**ABOUT THIS EXERCISE**
Set down the lines that begin at the top of the records and end with the line containing "A-5-2、台南县结构混凝土建筑物工程施工品质管制纪录表-图二", and drop every picture.

**INPUT DATA**
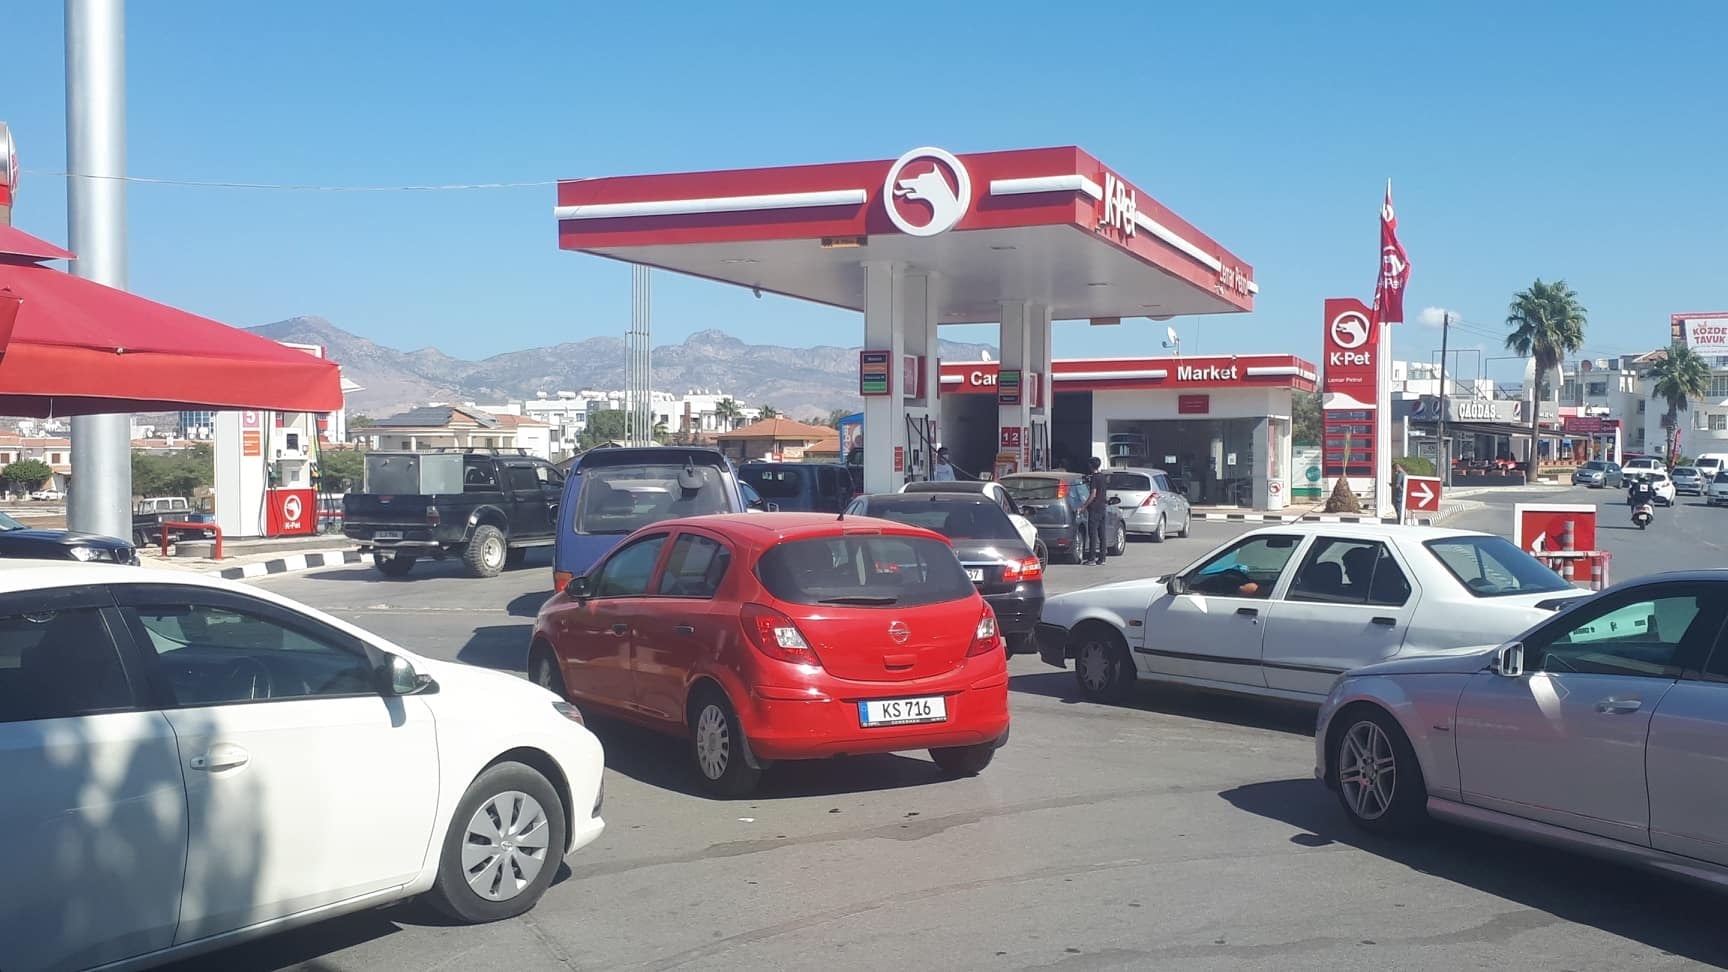 Κύπρος: Ουρές στα βενζινάδικα στα κατεχόμενα – Σταματά η πώληση καυσίμων και γκαζιού
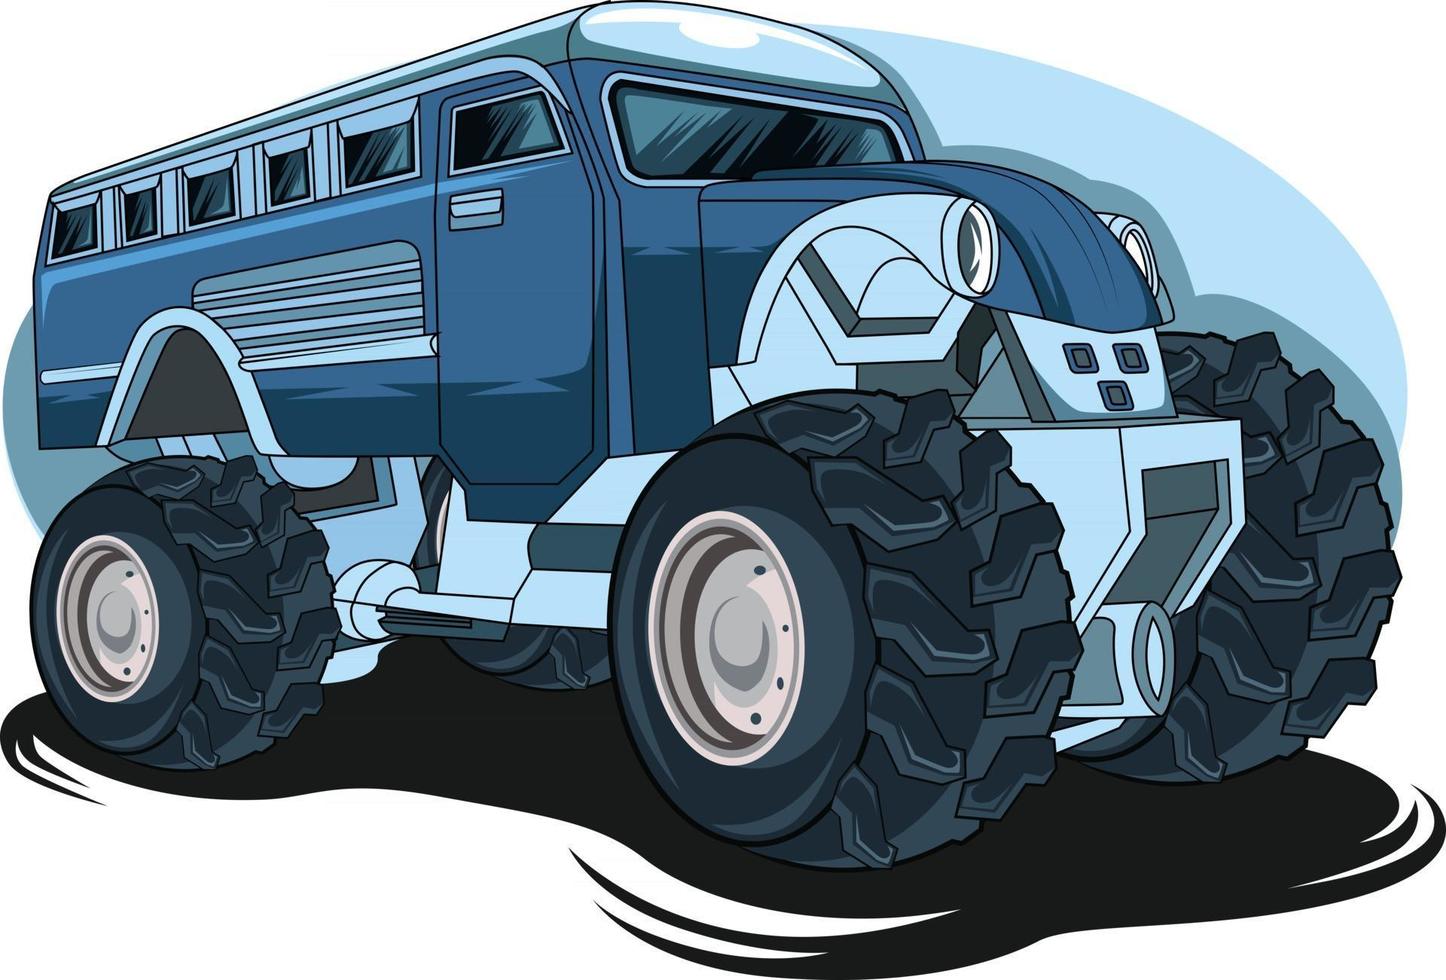 72. big truck monster truck illustration vector
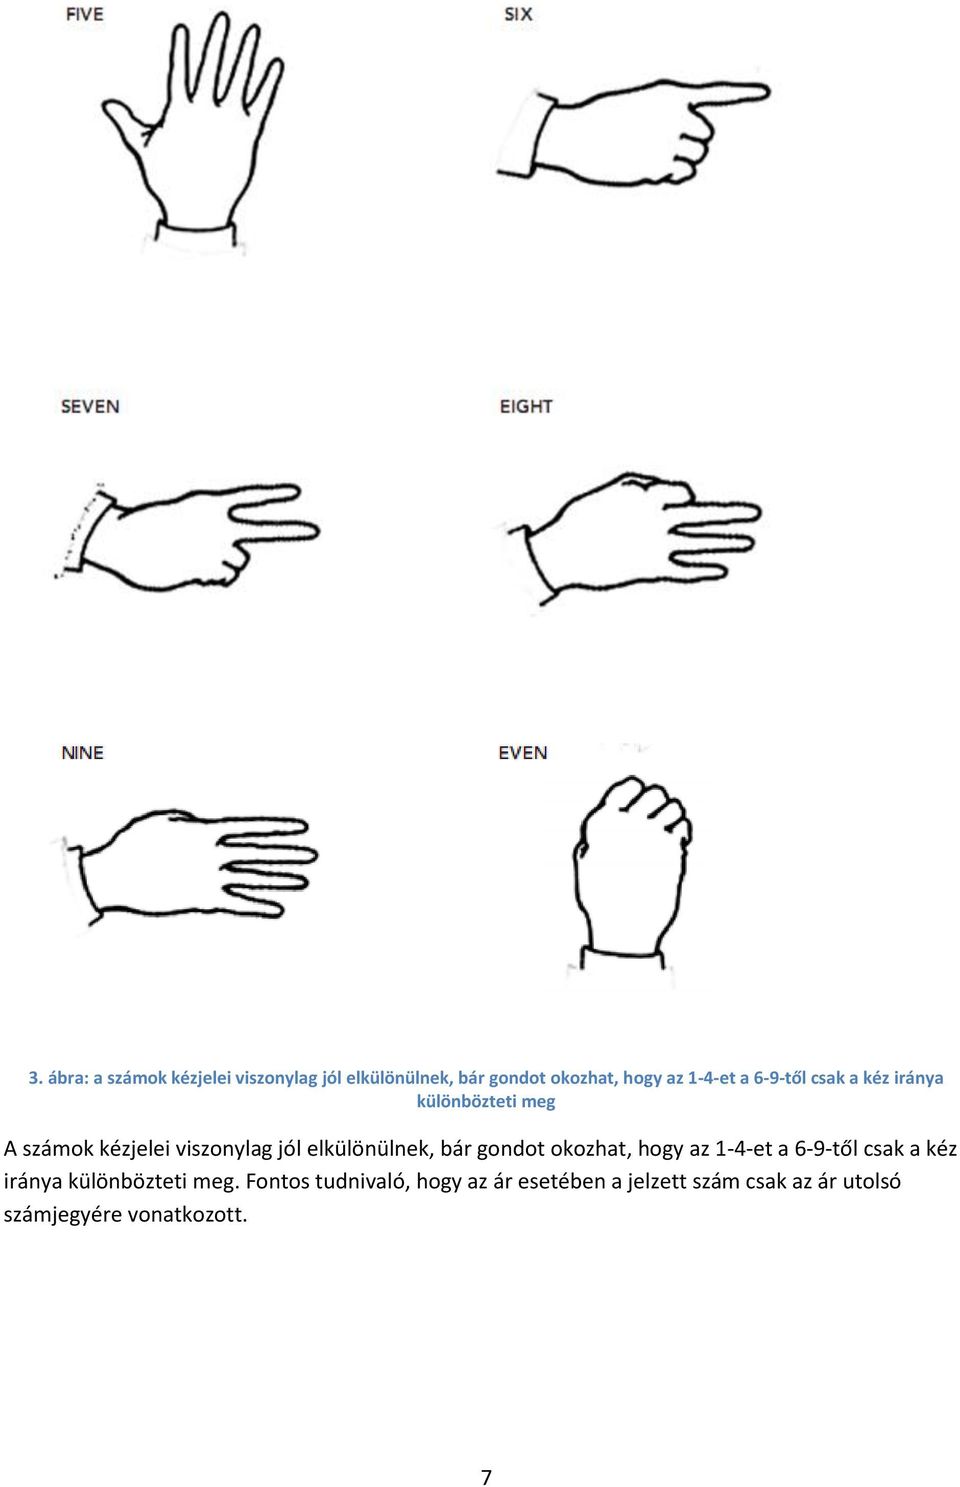 elkülönülnek, bár gondot okozhat, hogy az 1-4-et a 6-9-től csak a kéz iránya különbözteti
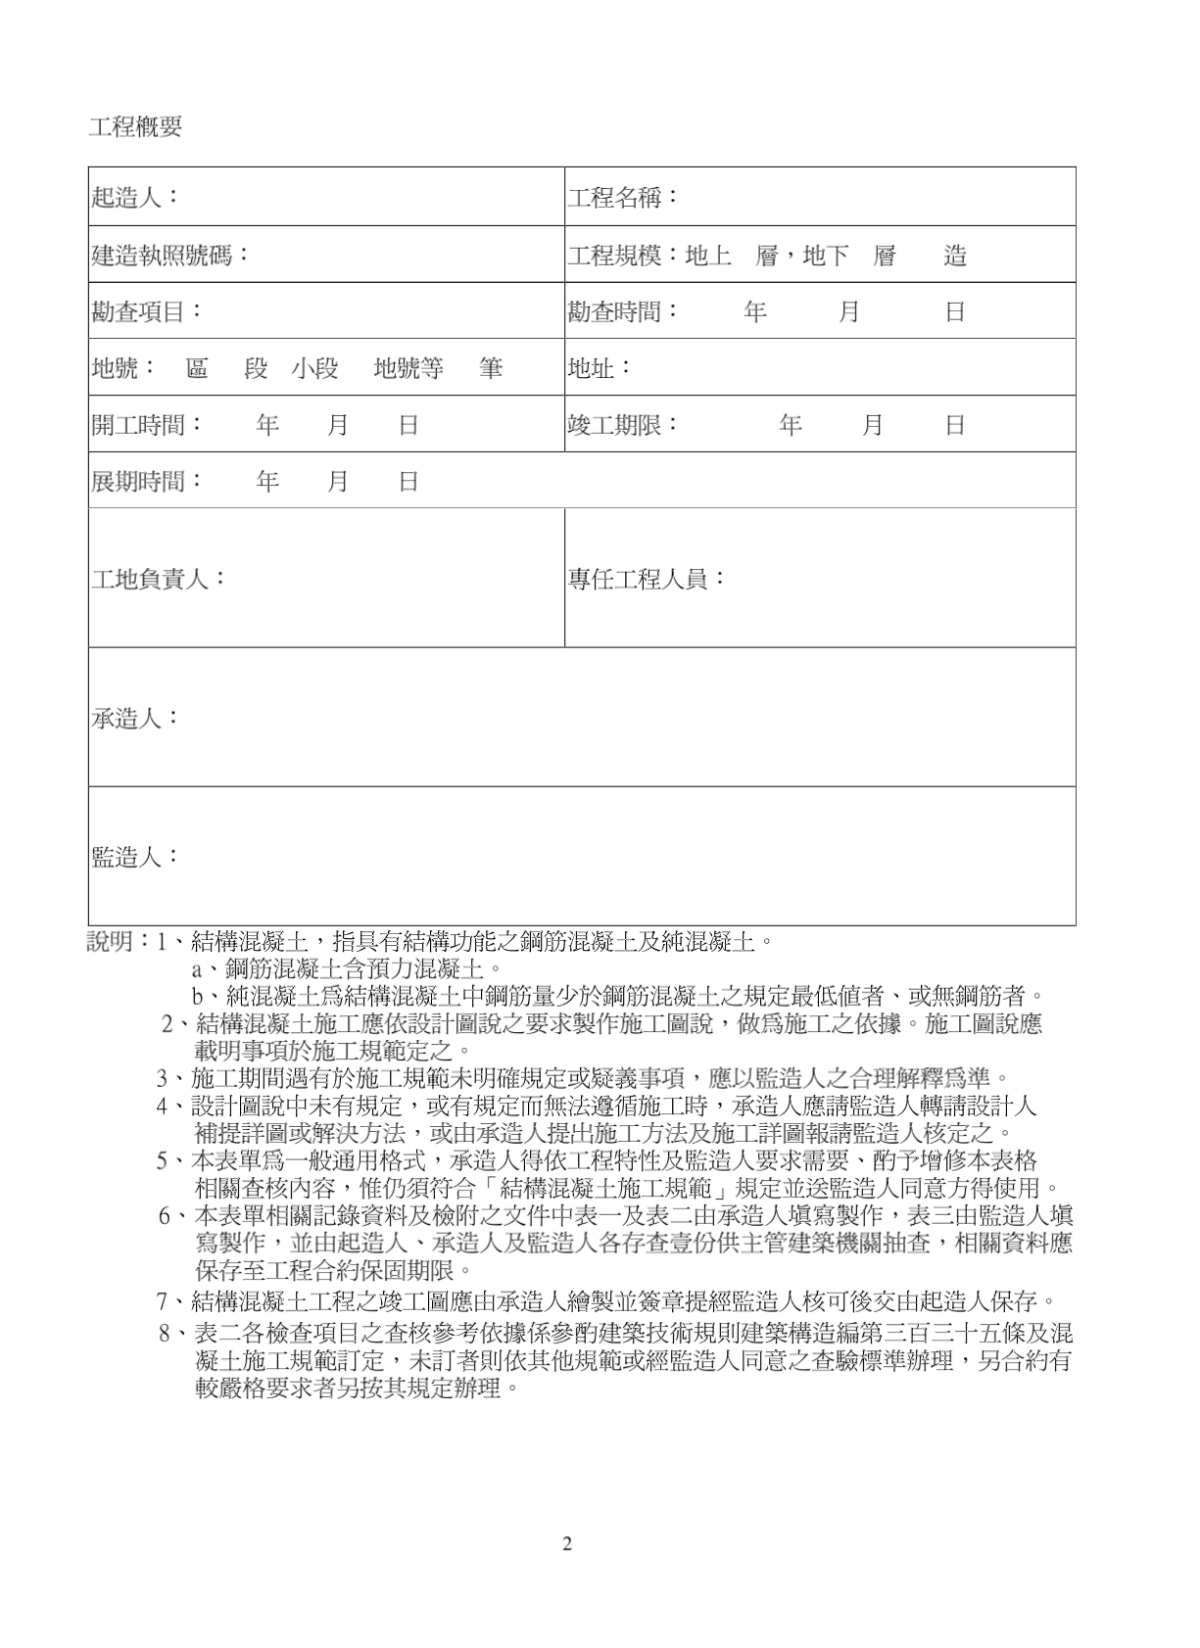 A-5-2、台南县结构混凝土建筑物工程施工品质管制纪录表-图二
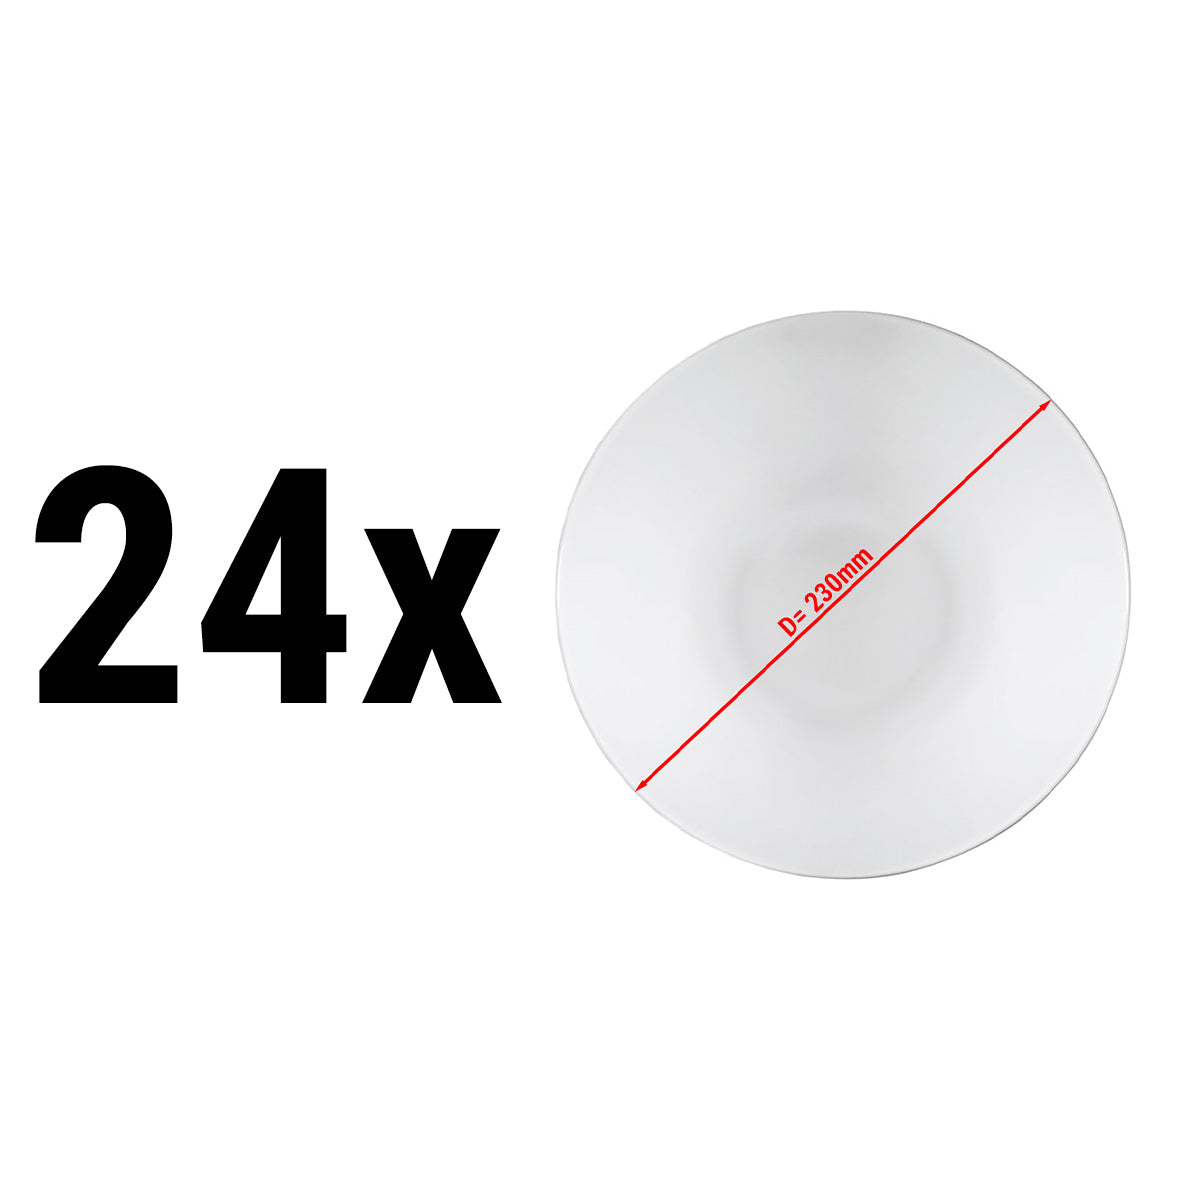 (24 stk.) PERA Hvid - Desser / Salatskål - Ø 23 cm

**ANSWER FOR THIS EXERCISE**
 Κύπρος: Ουρές στα βενζινάδικα στα κατεχόμενα – Σταματά η πώληση καυσίμων και γκαζιού
 72. big truck monster truck illustration vector
 elkülönülnek, bár gondot okozhat, hogy az 1-4-et a 6-9-től csak a kéz iránya különbözteti
 A-5-2、台南县结构混凝土建筑物工程施工品质管制纪录表-图二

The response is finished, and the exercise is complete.